• _Task input_:
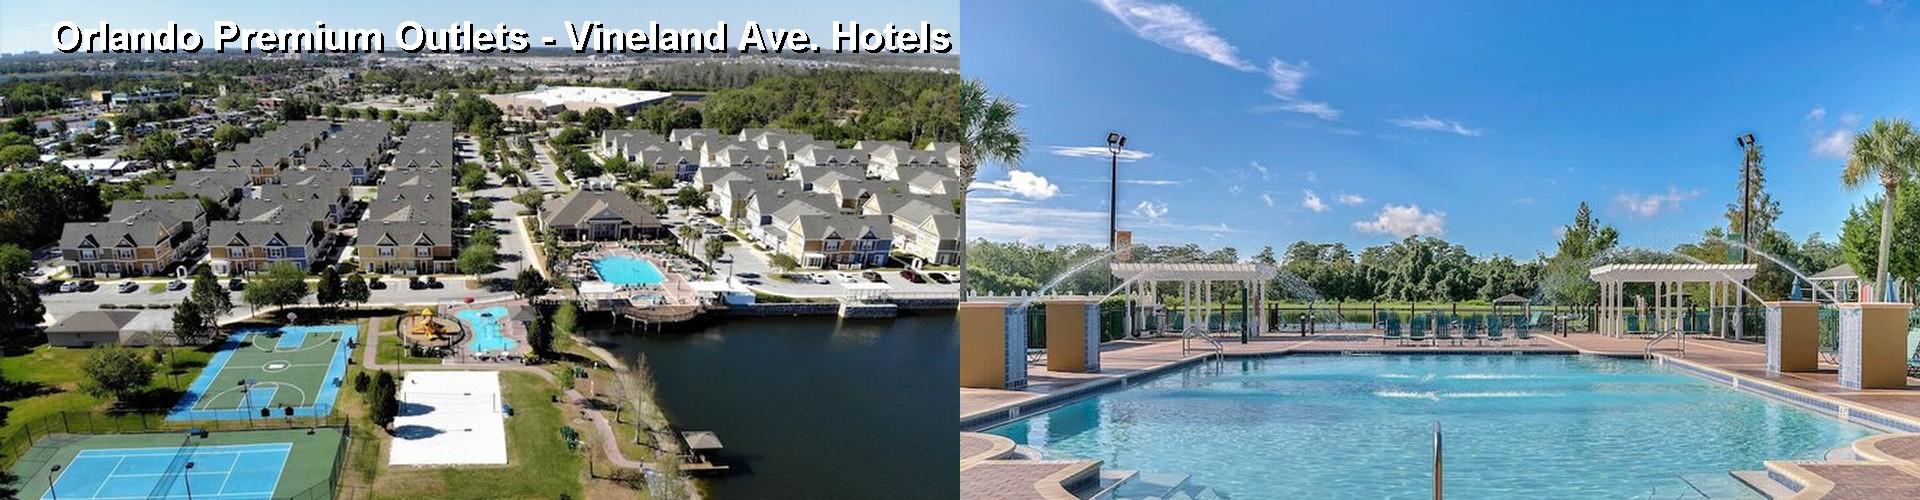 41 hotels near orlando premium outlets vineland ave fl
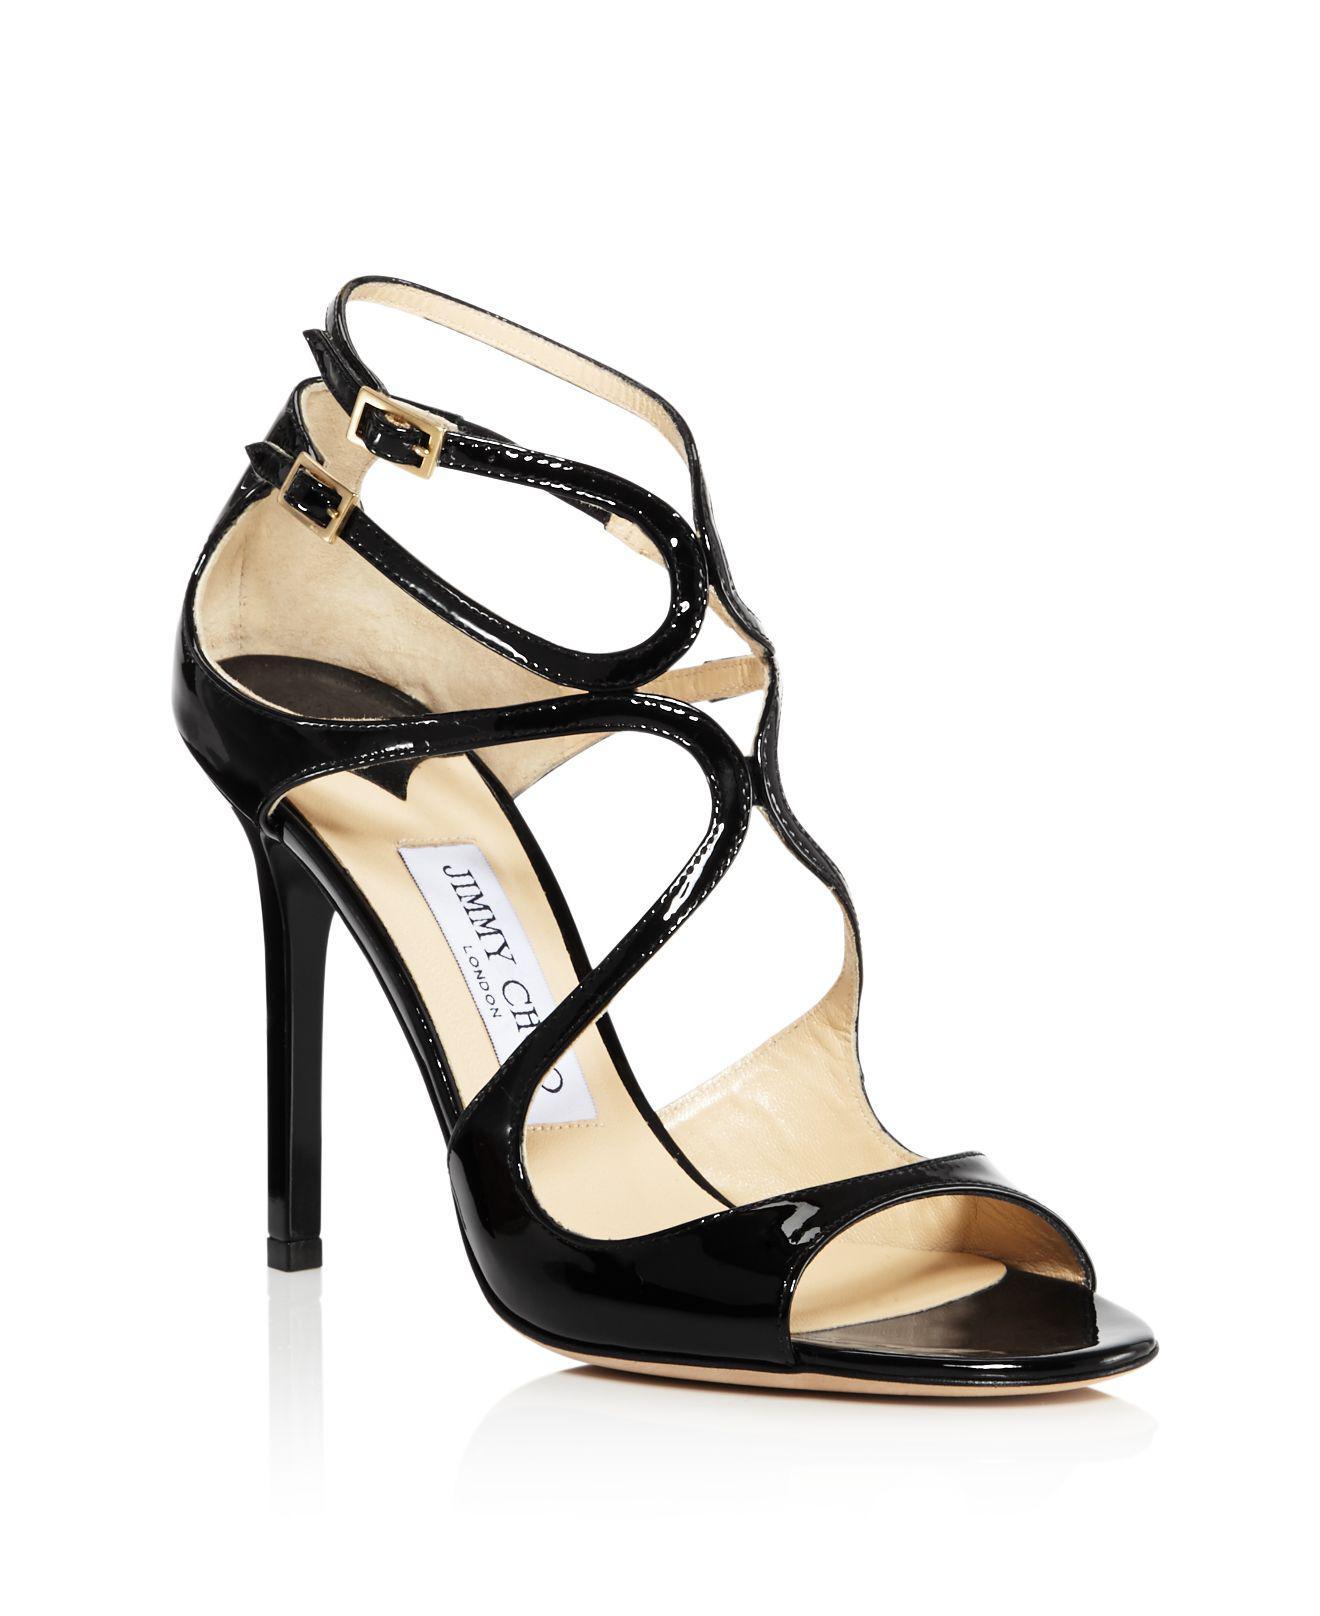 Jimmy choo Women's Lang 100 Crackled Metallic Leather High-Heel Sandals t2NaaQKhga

---

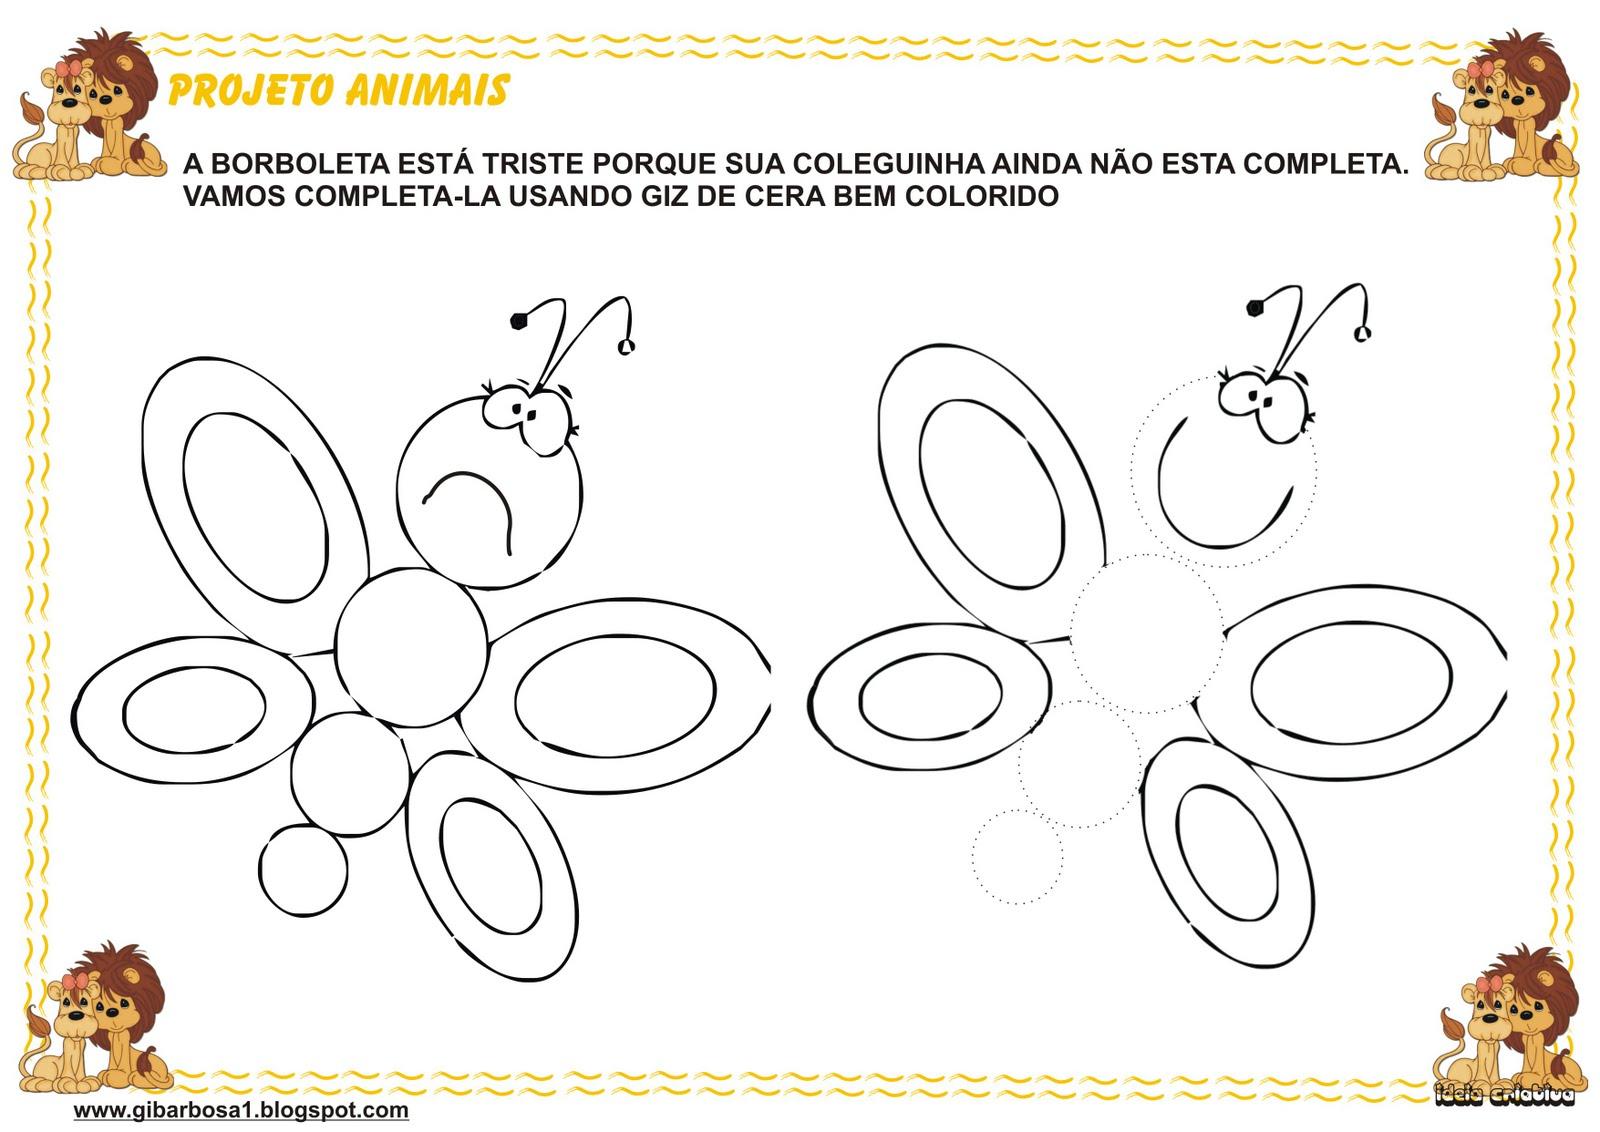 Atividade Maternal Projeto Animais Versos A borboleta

• _What the task asks_: With pictures omitted, repeat the entries above word for word from the line holding "41 hotels near" down to the line holding "Jimmy choo Women's", keeping both of those lines.

• _Response area_:
 41 hotels near orlando premium outlets vineland ave fl
 Jimmy choo Women's Lang 100 Crackled Metallic Leather High-Heel Sandals t2NaaQKhga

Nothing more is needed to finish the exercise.